With the COVID-19 pandemic affecting nearly all aspects of our daily lives, some are wondering what toll it may take on justice system.
As the world responds to the unfolding crisis, lawyers, judges, court staff, corrections workers, and even accused persons are contemplating what may lay ahead for them in terms of their safety and access to justice.
After all, the practice of law is a relatively social endeavor.
Lawyers often visit numerous courthouses a day, meeting with clients and appearing in crowded courtrooms. These trips can cover a large geographical expanse, particularly in the Lower Mainland, where legal professionals regularly find themselves travelling from Richmond to Chilliwack and everywhere in between.
Over the last three weeks, my own office of four saw lawyers travelling to engagements in Toronto, Victoria, Ft. St. John, Penticton, and Kamloops, along with the usual appearances in Vancouver, Richmond, Abbotsford, Port Coquitlam, North Vancouver, Surrey, New Westminster, and Chilliwack. To say that we get around is putting it lightly.
Normally this is all in a day's work, but when a pandemic has been declared extra precautions must be taken.
With courthouses all over the U.S. announcing restrictions—from taking precautions, such as prohibiting guests who have visited particular affected countries from entering judicial buildings, to suspending operations altogether—we have to ask “what’s next?” for us.
The first preventive measure that lawyers are enacting in their offices and in courtrooms across the country is social distancing. Accustomed to greeting clients and colleagues with handshakes, many legal professionals are now opting out of physical contact, settling instead on a warm verbal greeting from a safe distance away.
But with an average of seven new COVID-19 cases in British Columbia a day, and our own prime minister in self-isolation, holding back on handshakes may not be enough.
All levels of courts in British Columbia have now released their responses to the COVID-19 pandemic. Their goals are to maintain and preserve the rule of law while also protecting the health and well-being of the community—and facilitating efficient and effective judicial processes in the face of a rapidly evolving situation.
At this point, our courts are reducing operations to help reduce and slow the transmission of the virus but they remain open to the public. If threat levels increase, the courts may reduce public access or may even close and limit themselves to essential services.
But if courthouses close, there will be questions about how the rule of law will be maintained within the interim period; particularly when it comes to criminal law, as these cases can have significant implications for an accused person and the community at large.
Criminal proceedings often see people being arrested and detained until they can appear in court, before a judge, where lawyers speak to their release. If they are released, they or their lawyer will be required to return to court on multiple occasions thereafter until a trial date is set or their matter is resolved. It is labour intensive and requires courtroom appearances, which ultimately translate into a great deal of human interaction.
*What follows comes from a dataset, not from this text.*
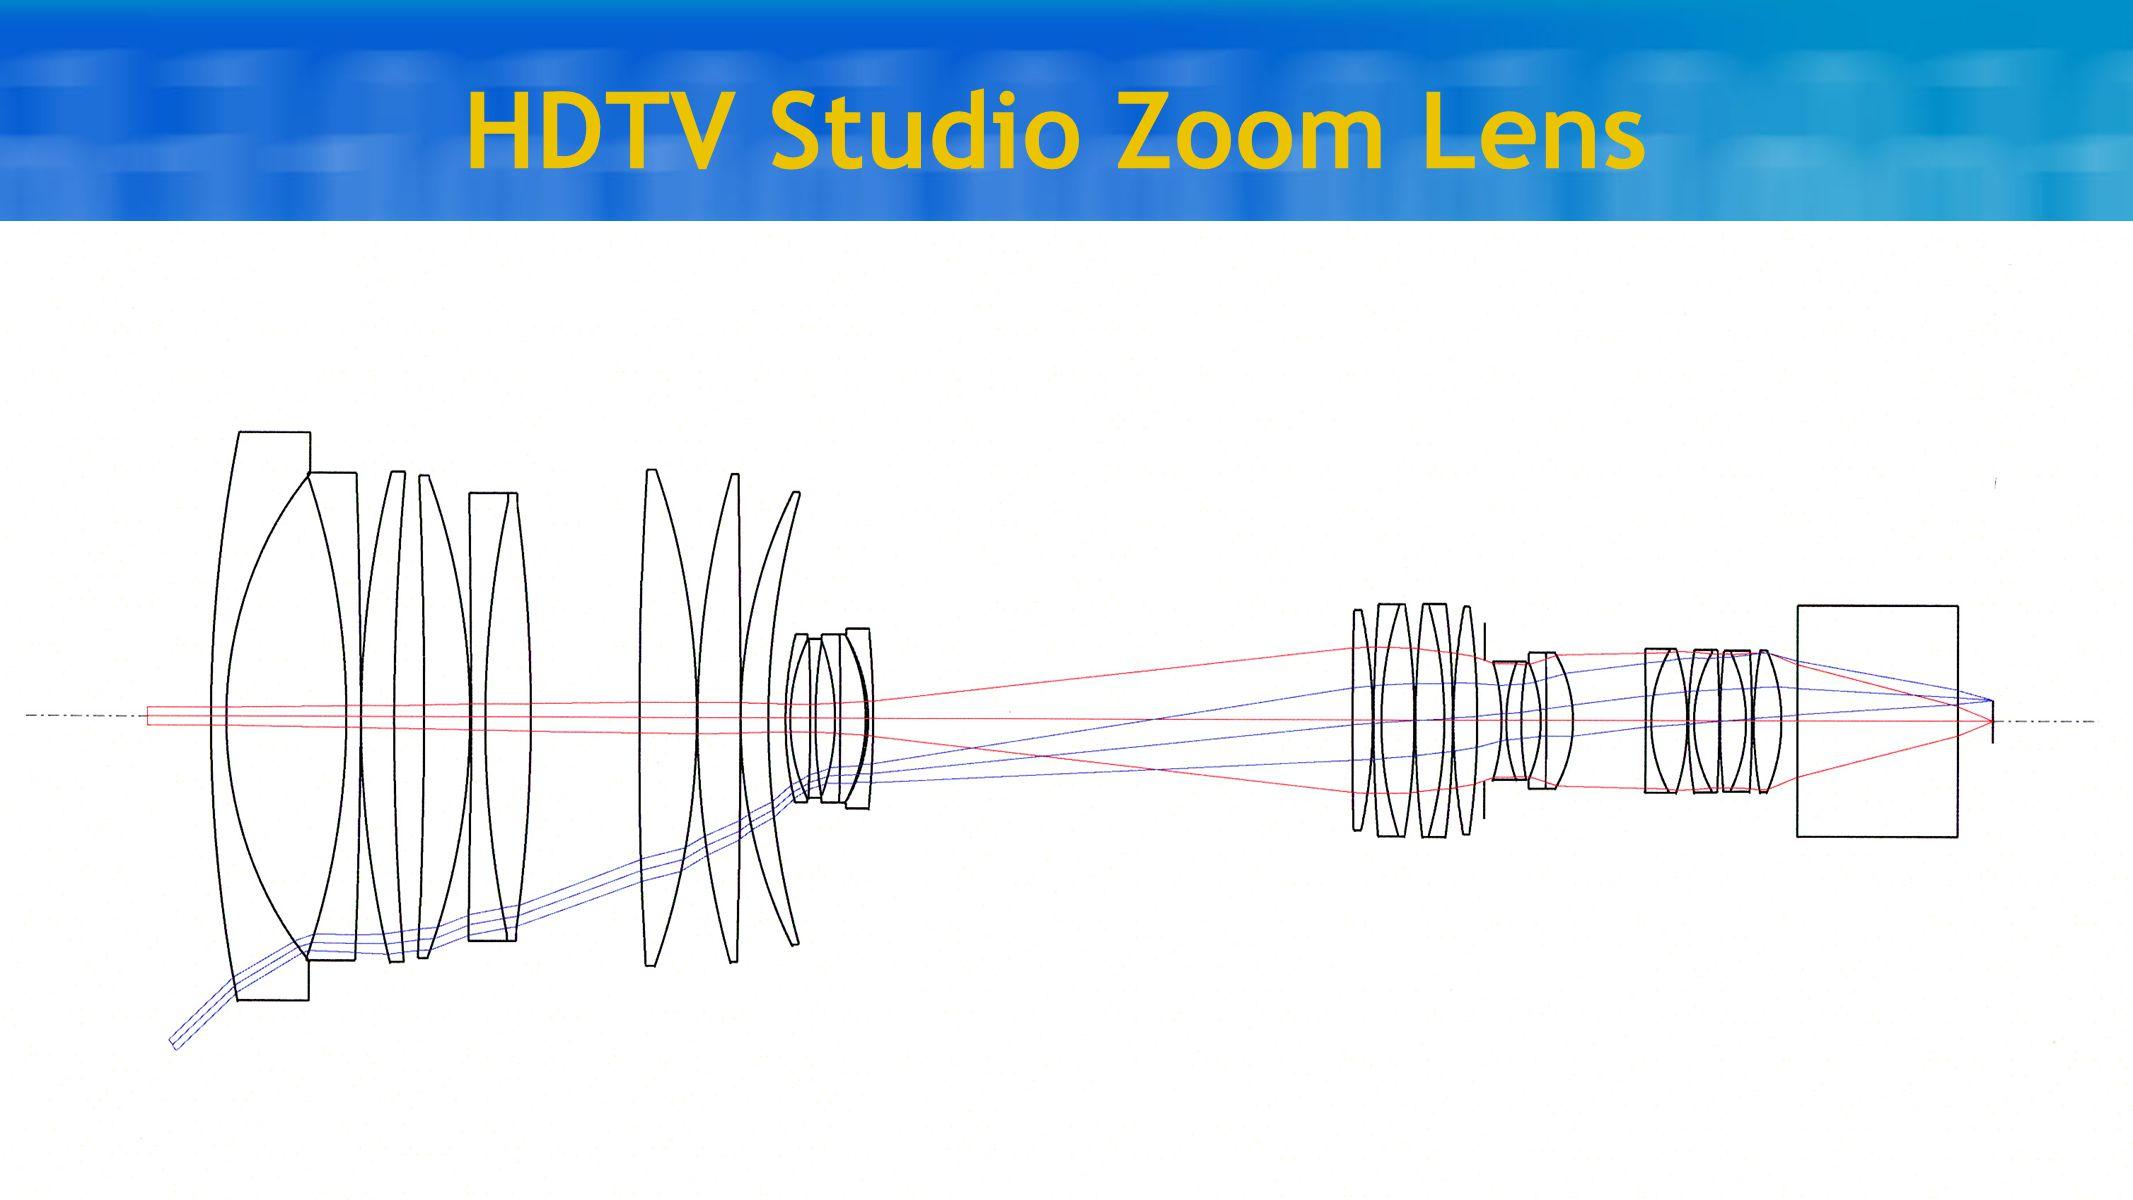 HDTV Studio Zoom Lens

And despite the intense nature of such proceedings, the Supreme Court of Canada has set stringent guidelines with respect to the timeliness of criminal cases.
Generally speaking, our courts have between 18 and 30 months to prosecute an individual—depending on the nature of their charge—before their charter rights become compromised, which could result in the case being dropped.
Our court system is already plagued by delays.
Even before the COVID-19 concerns, our legal system was struggling to keep up. After all, our courtrooms are often inundated by systemic delays due to lack of resources and a myriad of other factors. Closing courthouses or scaling back operations—even for a short period of time—will only put additional pressure on a system that is already at its limit.
The key to managing this crisis—like many that have come before it—will boil down to innovation and compromise.
And although the legal profession isn’t well known for embracing swift and rapid change, the good news is that we won’t have to reinvent the wheel. The judicial system already has some tools in place that will help us get through.
One option may be to temporarily do more legal work remotely and put more trust in technology.
Lawyers appearing in remote jurisdictions often have the option to seek leave of the court so that they can use the telephone to avoid travel. For example, if a lawyer lives in Vancouver but has been retained on a file in Prince George, they may apply to appear in court via telephone for nonsubstantive matters.
Although the court can exercise discretion in granting such applications, they would be wise to take a broader, more lenient approach in light of our current health crisis.
The trickier part of the equation will have to do with more substantive court appearances, such as hearings and trials, where arguments will be made and evidence must be given.
This is a hurdle that has somewhat been overcome by moving some courtroom proceedings into administrative settings. Much of the time, administrative matters are heard by way of written submissions, affidavit evidence, and/or oral arguments over the phone.
However, this is not ideal.
Truncated review processes run the danger of watering down our judicial system and can present concerns with respect to procedural fairness and access to justice. It is also not an option—nor should it be—for the vast majority of criminal offences in this country.
The last thing we want to do is compromise legal rights and liberties out of fear; but striking the appropriate balance between individual rights and social responsibility will become increasingly difficult as time goes by. While technology may answer some of our concerns in the short time, it cannot replace in-person applications and hearings in the long term.
Hopefully, the COVID-19 pandemic will be behind us before we know it; but the uncertainty that it has caused serves to highlight the fragility of many of our social systems and the pressing need to adapt.
Our judicial system is no exception.